# My thoughts on taxi industry



## Spursman (Dec 8, 2016)

After driving for Uber 6 months now I have formed an opinion on the taxi compensation debate. I rarely used taxis so this opinion is largely based on discussions with pax.

1. Sunshine Coast pax believe that they have been ripped off with exorbitant fares and really appreciate the Uber difference. 

2. Pax regularly complain about cabs being late, not turning up, drivers rude, smelly, going the wrong way etc. 

Now, if I was to invest say $200,000 for a taxi plate ( or any business for that matter) I would expect a decent return on that investment. 

The absolute best way to butcher your business is to provide crap service and fail to adapt to technology changes. 

Uber has addressed the needs of the modern Pax whereas the taxi industry has hidden behind a monopoly believing they were untouchable. 

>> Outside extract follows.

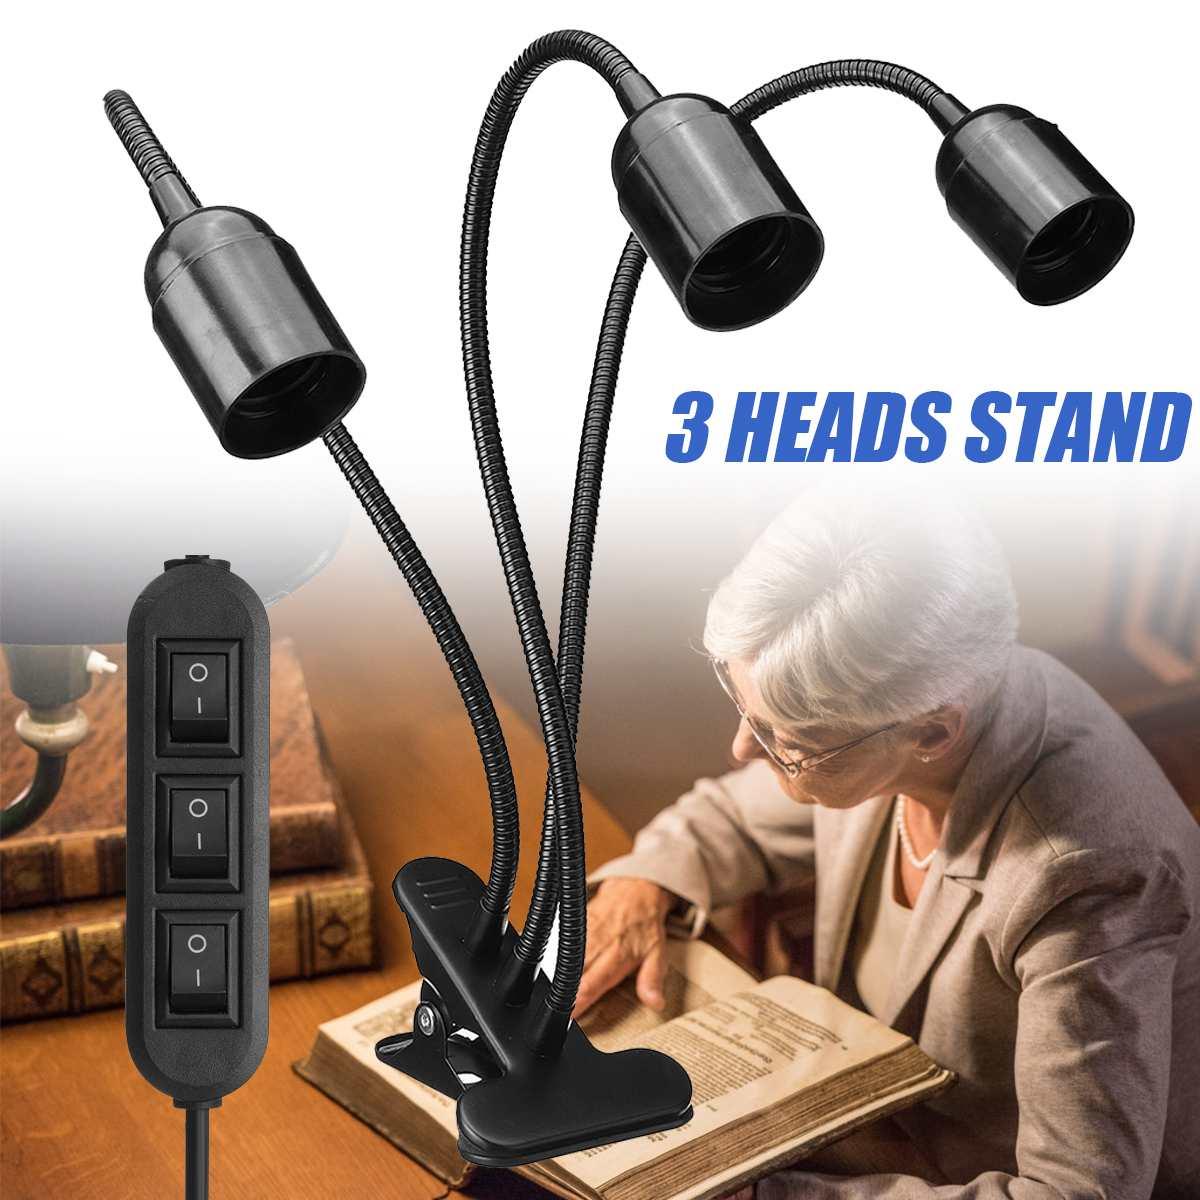 Flexible Plant Growth Light Base Stand 3 Heads Clip-On Desk Light E27 Bulb Stand Holder Kids Study Table Lamp Aquarium Lighting

Sorry taxi plate holders - your business plan sucked and your customers have voted with their feet (or thumbs in this case!).


----------



## yogi bear (Dec 25, 2015)

Spursman said:


> After driving for Uber 6 months now I have formed an opinion on the taxi compensation debate. I rarely used taxis so this opinion is largely based on discussions with pax.
> 
> 1. Sunshine Coast pax believe that they have been ripped off with exorbitant fares and really appreciate the Uber difference.
> 
> 2. Pax regularly complain about cabs being late, not turning up, drivers rude, smelly, going the wrong way etc..


1. So they complain about being charged a fare that pays a fair wage to the driver aswell as leaving over enough to cover the cost of the vehicle, maintenance, fuel, rego, insurance, gst, and income tax and some return on investment, so they get an uber who's business model relies on drivers working for sub-minimum wages ones you take all the above costs into account..
of course they are happy with this.

2. you havn't been reading the melbourne forum, or the uber FB comments page, they are constantly whinging about uber service, mainly the playing hide ans seek fishing for no-shows fees, also the telephone calls asking for destinations and sudden cancellations, drive off when the driver spots suitcases, ect. and cars do start to smell once so many hundreds of pa have farted in them over the time, so do desperate uber drivers doing 12 hour shifts.. nothing in that list uber is immune from.


----------



## Spursman (Dec 8, 2016)

Well you sure are one negative individual. I can't speak for the issues that you say exist elsewhere. Not one negative remark to me about Uber service on the Sunshine Coast, in fact the complete opposite.


----------



## χ²(1) (Jun 1, 2016)

Spursman said:


> I can't speak for the issues that you say exist elsewhere. Not one negative remark to me about Uber service on the Sunshine Coast


Maybe you should be less biased and read about issues that exist elsewhere, so you can make an *informed* opinion.


----------